Additionally, the ESS values for all parameters are “substantially large”. There is no “one size fits all” cutoff for what indicates a “good” ESS, as it depends on the objective of the study, how complicated the model is, and how much degree of Monte Carlo error you’re willing to accept in your estimates. ESS values that are low (e.g., 100 or less), together with Rhat values close to or above 1.1 can indicate inadequate convergence and/or mixing of the MCMC chains, in which case one may want to run the model longer. Generally when fitting spatial occupancy models, the detection parameters will mix and converge faster than the occupancy parameters (assuming an adequate amount of replication to separate occupancy from detection, which may not be true with a very small number of replicates). In particular, the spatial decay parameters and the occupancy intercepts may show slow mixing and/or convergence, which I discuss more in depth below as to what to do in this case.
In addition to using the Rhat and ESS values presented by the
summary()
output, we strongly suggest further exploration
of the MCMC chains via visual inspection of traceplots. While Rhat and
ESS are effective summaries that provide a good indication of the
convergence (i.e., Rhat) and mixing (i.e., ESS) of the models, they are
of course summarizing a full posterior distribution with a single
numeric value, and thus visual assessments will also be of use. In the
fitted model object (here saved as out
), the list
components that end in samples
contain the MCMC samples for
the different parameters in the model. Many of these objects are saved
as MCMC objects, so we can directly use coda::plot()
or
other functions to generate traceplots of the MCMC chains. For the MCMC
parameters that are stored as three-dimensional arrays (e.g., the latent
occurrence values), you’ll need to plot only two dimensions at a time
using the basic coda
functionality.
# Species-specific intercepts
plot(out$beta.samples[, 1:7], density = FALSE)
# Species-specific covariate effects
plot(out$beta.samples[, 8:14], density = FALSE)
When running a model in spOccupancy
with multiple
chains, the MCMC sampls from each chain will be appended to each other
in a single MCMC object rather than a list, which is why you don’t see
three chains plotted on top of each other in the corresponding plots.

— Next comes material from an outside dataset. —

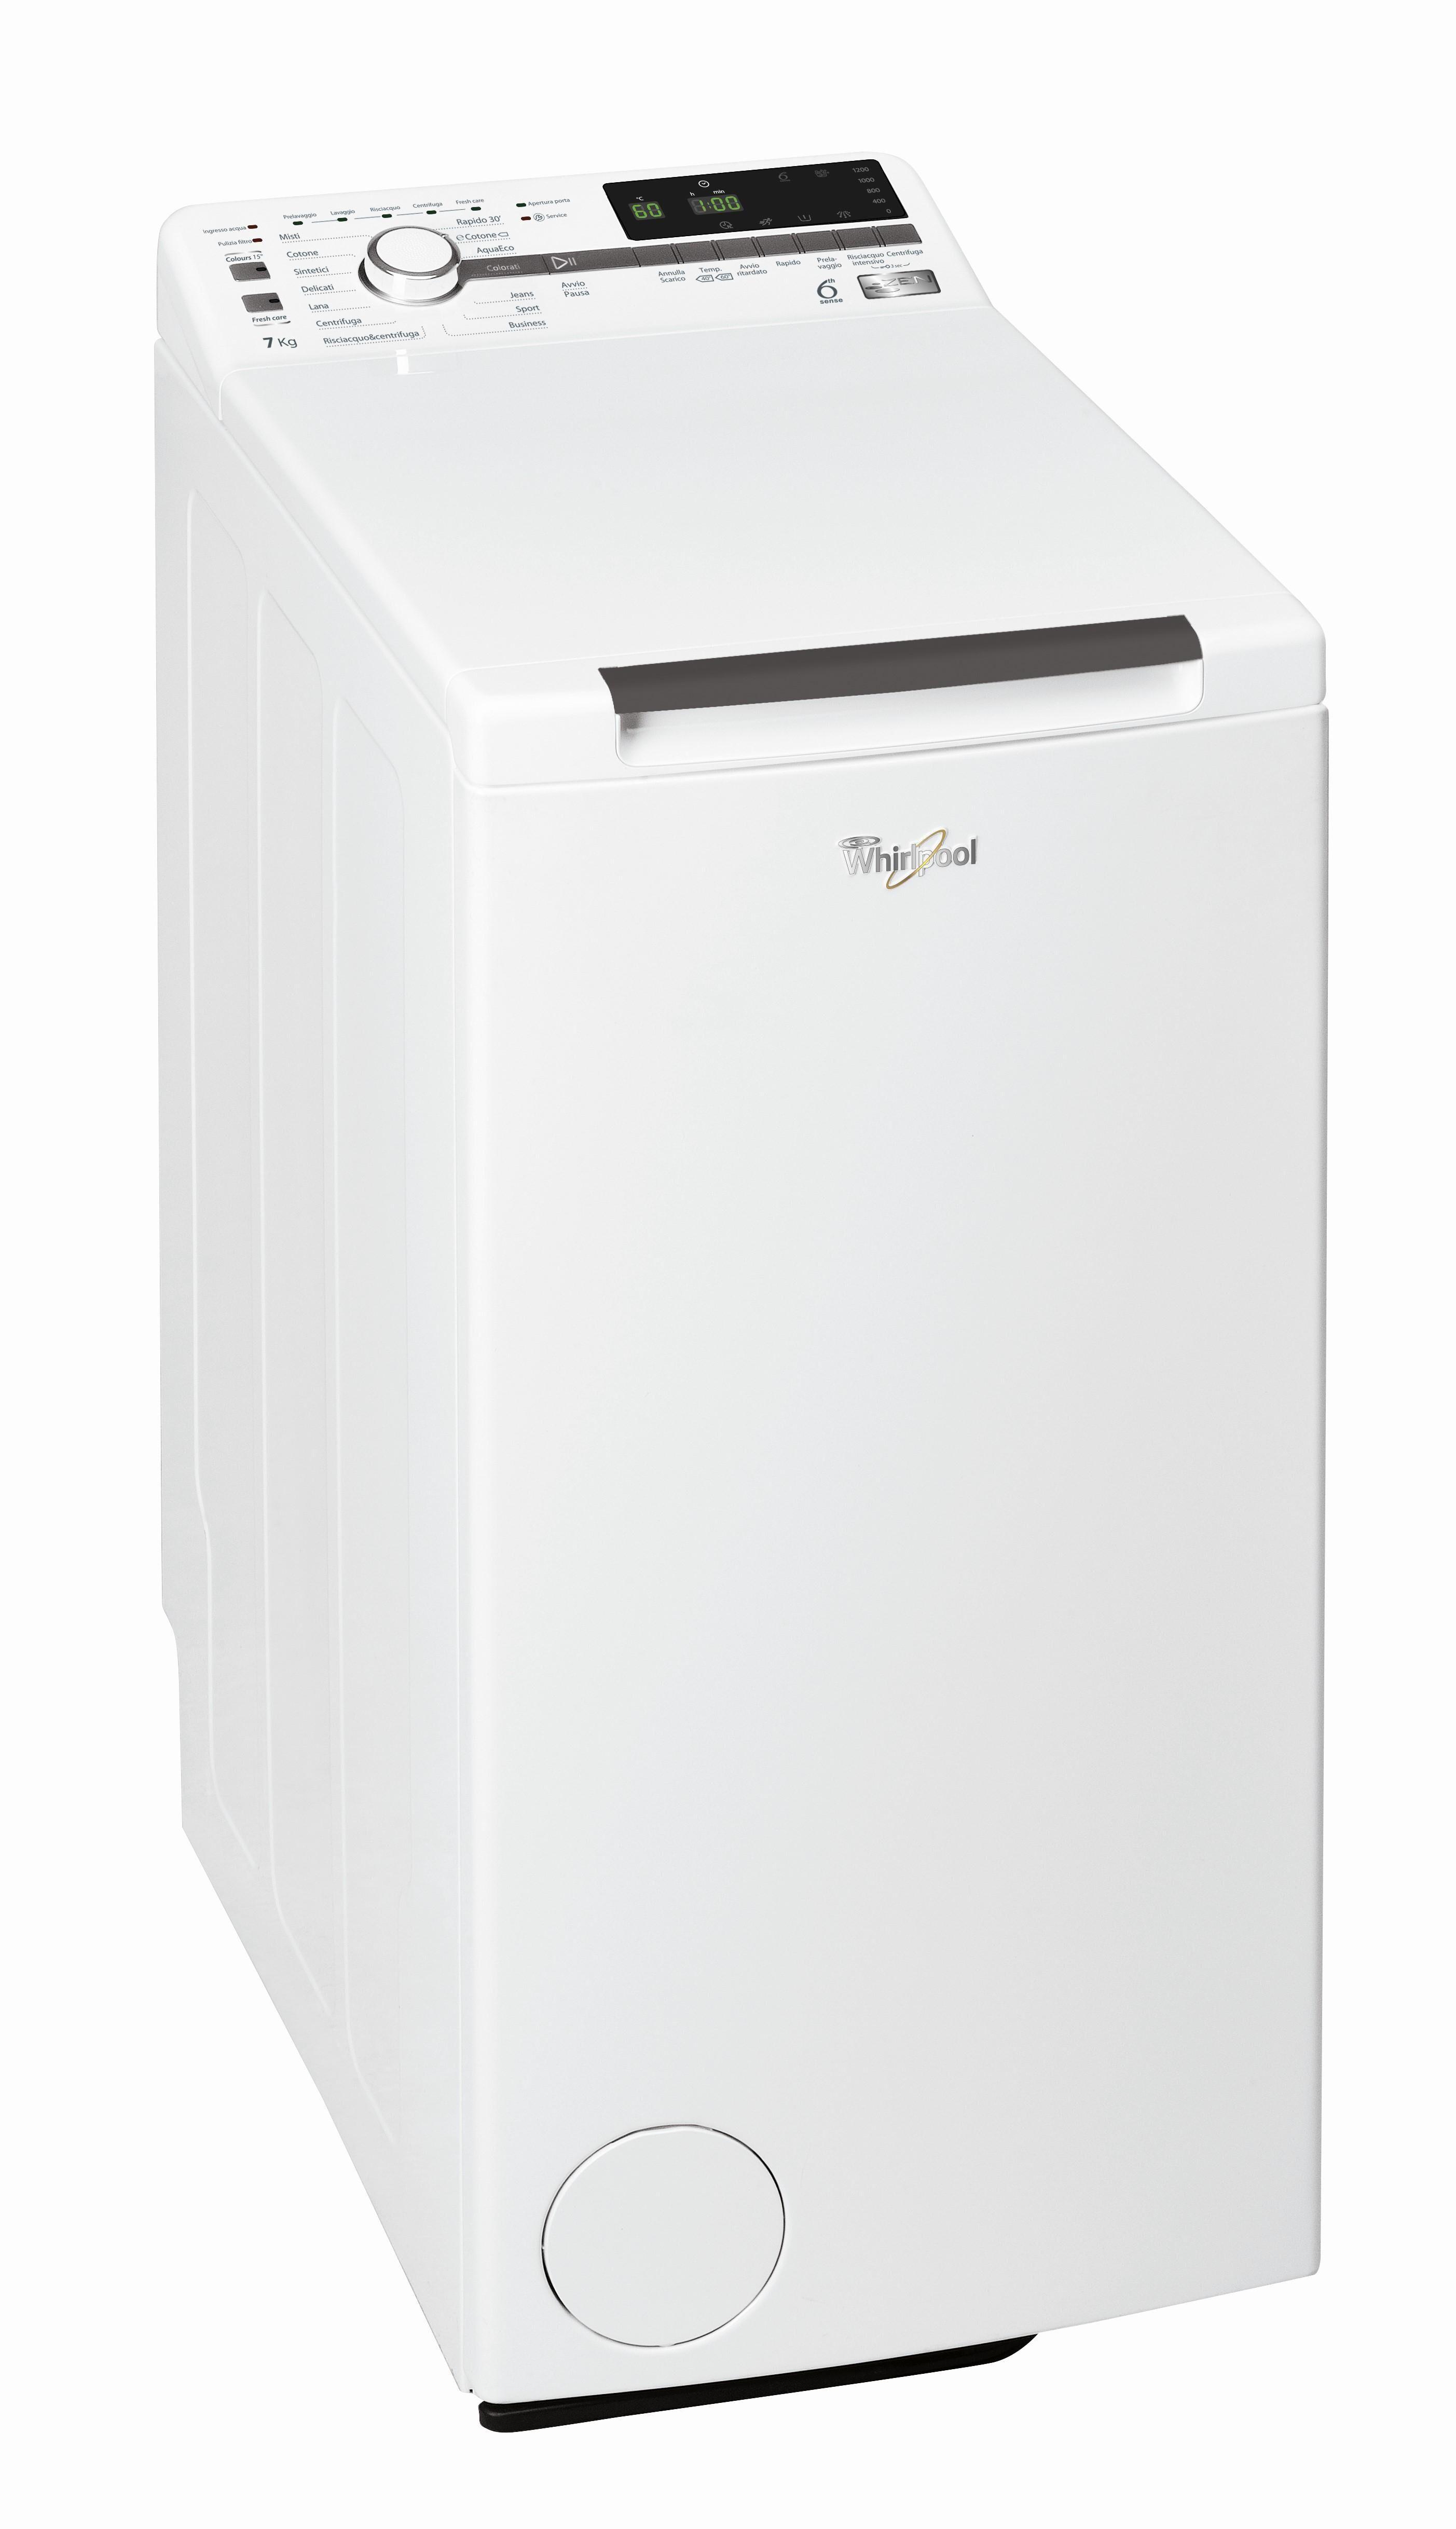 Whirlpool ZEN TDLR 724 lavatrice Libera installazione Caricamento dall'alto Bianco 7 kg 1200 Giri/min A+++

This may not be ideal for visualization purposes, but it helps with
extraction and manipulation of the samples. In v0.7.2, I added in a
simple plot()
function that allows you to quickly generate
traceplots where multiple chains are plotted on top of each other for
most parameters in a spOccupancy
model object.
plot(out, 'lambda', density = FALSE)
Here we see all species-specific intercept and covariate effects appear to have converged, with substantial variability in how well the chains have mixed for the different species. Generally, mixing appears better for the covariate effect than the intercept.
# Spatial decay parameter
plot(out, 'theta', density = FALSE)
Overall, all Rhat values are less than 1.1, effective sample sizes are decently large for the model parameters, and the traceplots show convergence and good mixing for the parameters. We would consider this model suitably converged and move on with our analysis and interpretation of the results. If our objectives focused heavily on interpreting the species-specific intercepts and covariate effects (and particularly the uncertainty associated with them), we may run the chain a bit longer/save more posterior MCMC samples to increase our effective sample size and thus be more confident in the accuracy of our uncertainty measurements for these parameters.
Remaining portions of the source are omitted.